I don't think your attitude, OP, will do anything other than confirm the agender teenager's idea that everyone over 30 has one foot in the grave.

She'll learn. She'll grow up eventually.

LunaHeather · 05/02/2021 23:03

@Fieldofyellowflowers

We are so quick to make everything either for girls or for boys that it is no wonder kids come to these sorts of decisions really. Some boys want to wear a bit of makeup. Some girls want to have short hair and play football.
But I was a football playing girl with short hair and I knew I was a girl.

Boy George and Marilyn knew/know they are men.

That reasoning doesn't wash.

Triphazards · 05/02/2021 23:07

You can take pandering to children too far.

Fieldofyellowflowers · 05/02/2021 23:09

@LunaHeather

Not everyone thinks the same way as you. That was just an example as well. My initial point was that gender stereotypes are too bloody strict sometimes and it is no wonder some kids start questioning whether they are one, the other or neither.

dayoftheclownfish · 05/02/2021 23:12

I think using the preferred name but not the pronouns is a good compromise, especially in an environment where you can't get sacked.

The use of sexed pronouns is part of the English language. The request for alternative pronouns imposes an additional cognitive load, which, frankly, a 16-year old shouldn't be asking for. Endless pandering will only prolong adolescence, sometimes a metaphorical bucket of cold water over the head is the kindest thing you can do to a sensitive person.

I'd also tell her that many gender-critical feminists are 'agender', that it's sensible to think there are better things to do with your time than obsess about 'gender' but that it's not necessary to change pronouns to signal this important process of reflection to the rest of the world.

LunaHeather · 05/02/2021 23:14

[quote Fieldofyellowflowers]@LunaHeather

Not everyone thinks the same way as you. That was just an example as well. My initial point was that gender stereotypes are too bloody strict sometimes and it is no wonder some kids start questioning whether they are one, the other or neither.[/quote]
Yes
Gender stereotypes are ridiculous

I don't understand how we ended up here instead of just ignoring them.

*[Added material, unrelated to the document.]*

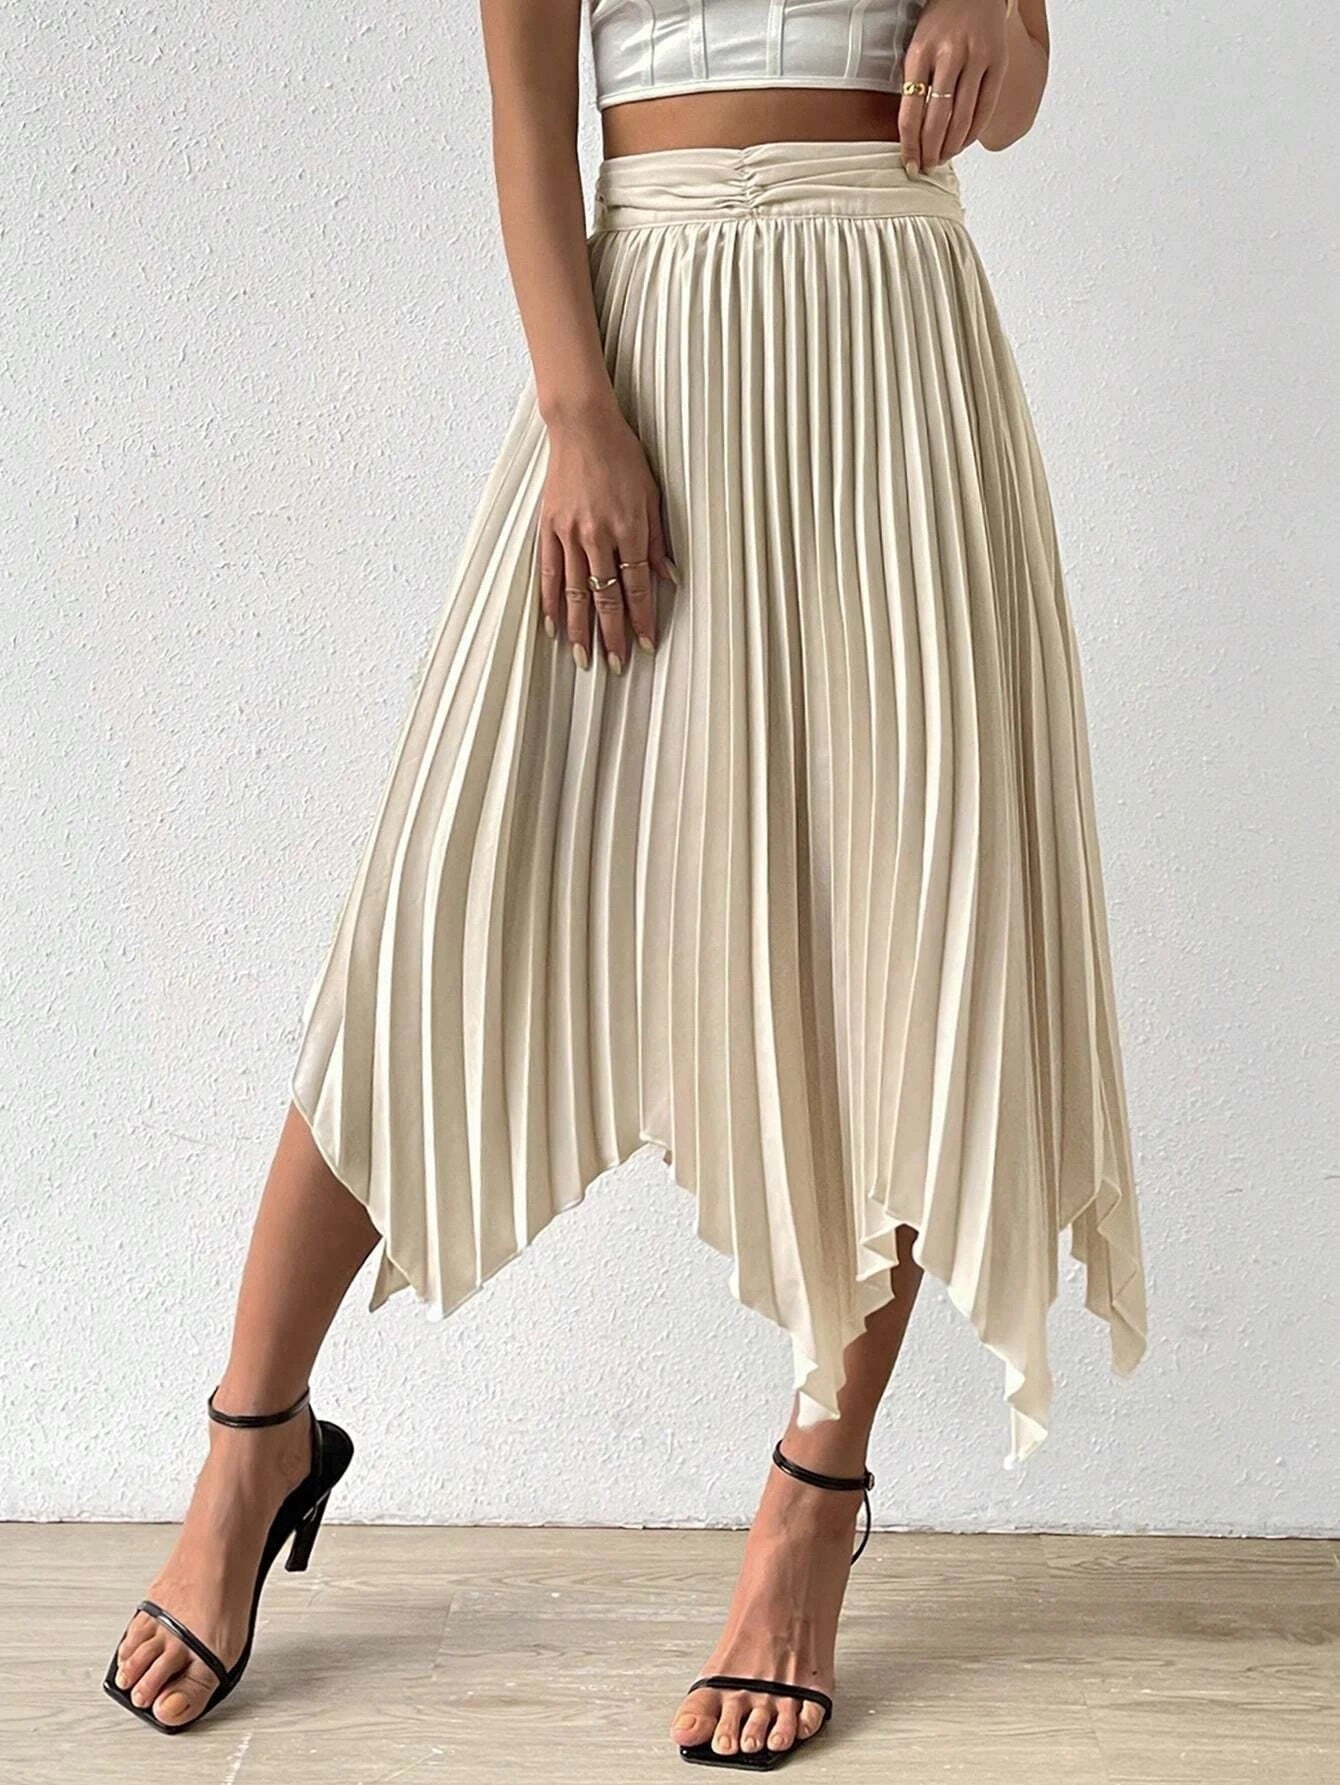 CM-BS059490 Women Casual Seoul Style Solid Hanky Hem Pleated Skirt - Apricot

Fieldofyellowflowers · 05/02/2021 23:17

@LunaHeather I agree. Gender stereotypes should be ignored. I suppose that's harder for teenagers with a tendency to overthink though.

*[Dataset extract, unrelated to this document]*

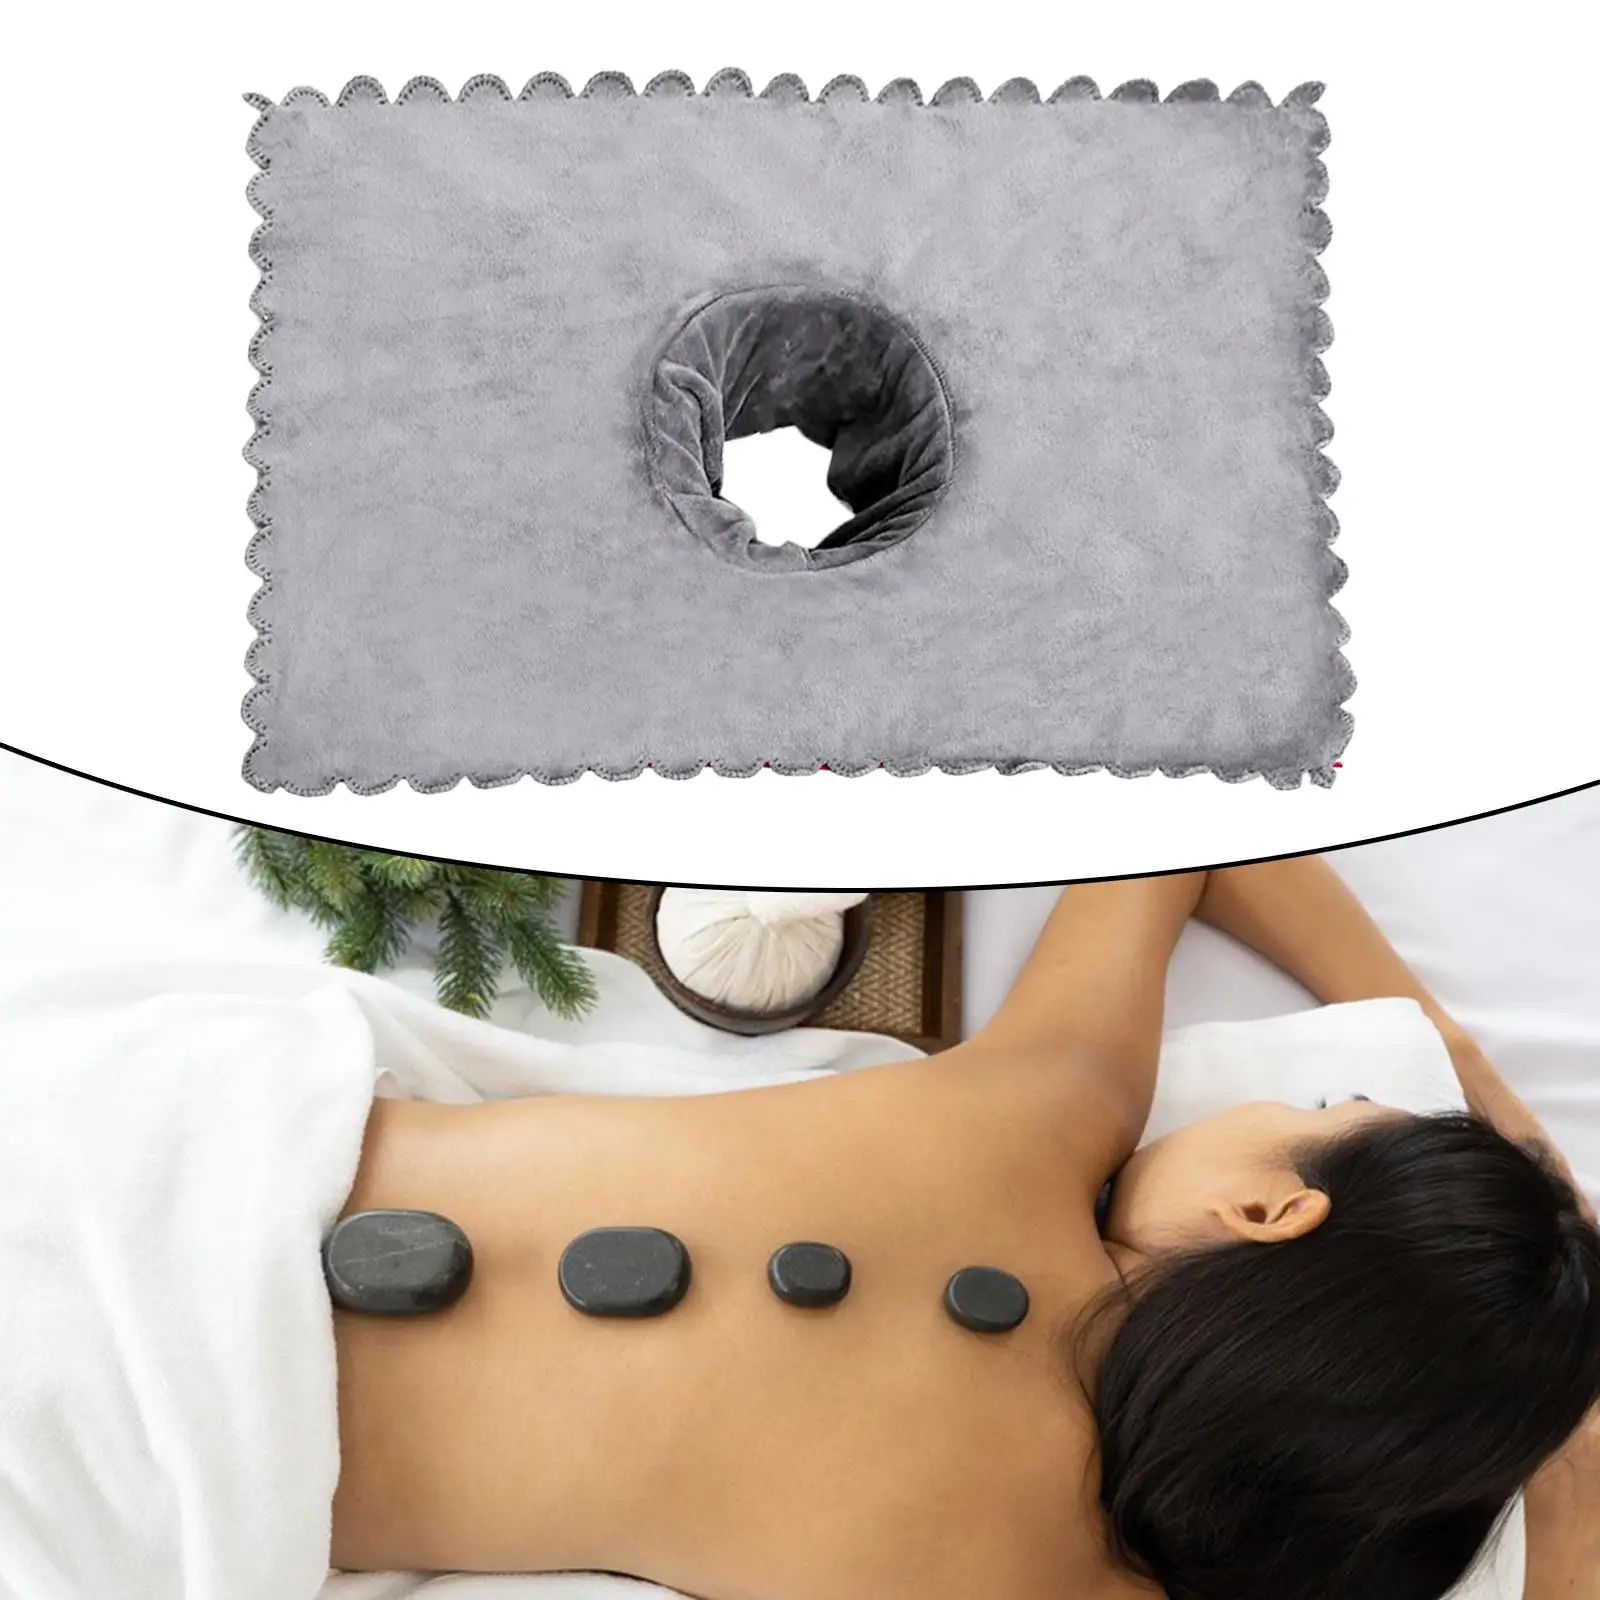 Massage Table Sheet Covers with Face Breath Hole// Soft

EternalOptimist7 · 05/02/2021 23:17

I find it all a bit worrying but try to be matter of fact when DD12 talks about not identifying as a boy or a girl & that we need to use different pronouns to refer to her. She started secondary school in September & when we spoke to the staff about how she was getting on, their only concern was a rather full on friendship with a girl who is going through the transgender process ( having counselling etc). I think it’s just a phase.

JaneJeffer · 05/02/2021 23:23

What is agender? Can someone tell me please!

LunaHeather · 05/02/2021 23:34

[quote Fieldofyellowflowers]@LunaHeather I agree. Gender stereotypes should be ignored. I suppose that's harder for teenagers with a tendency to overthink though.[/quote]
I think it's harder because teens are now faced with/taught by academics whose raison d'etre is to inflame.

I used to have respect for academia but no longer. The goal seems to be "seek attention, cause trouble" and teens are really getting the brunt of it.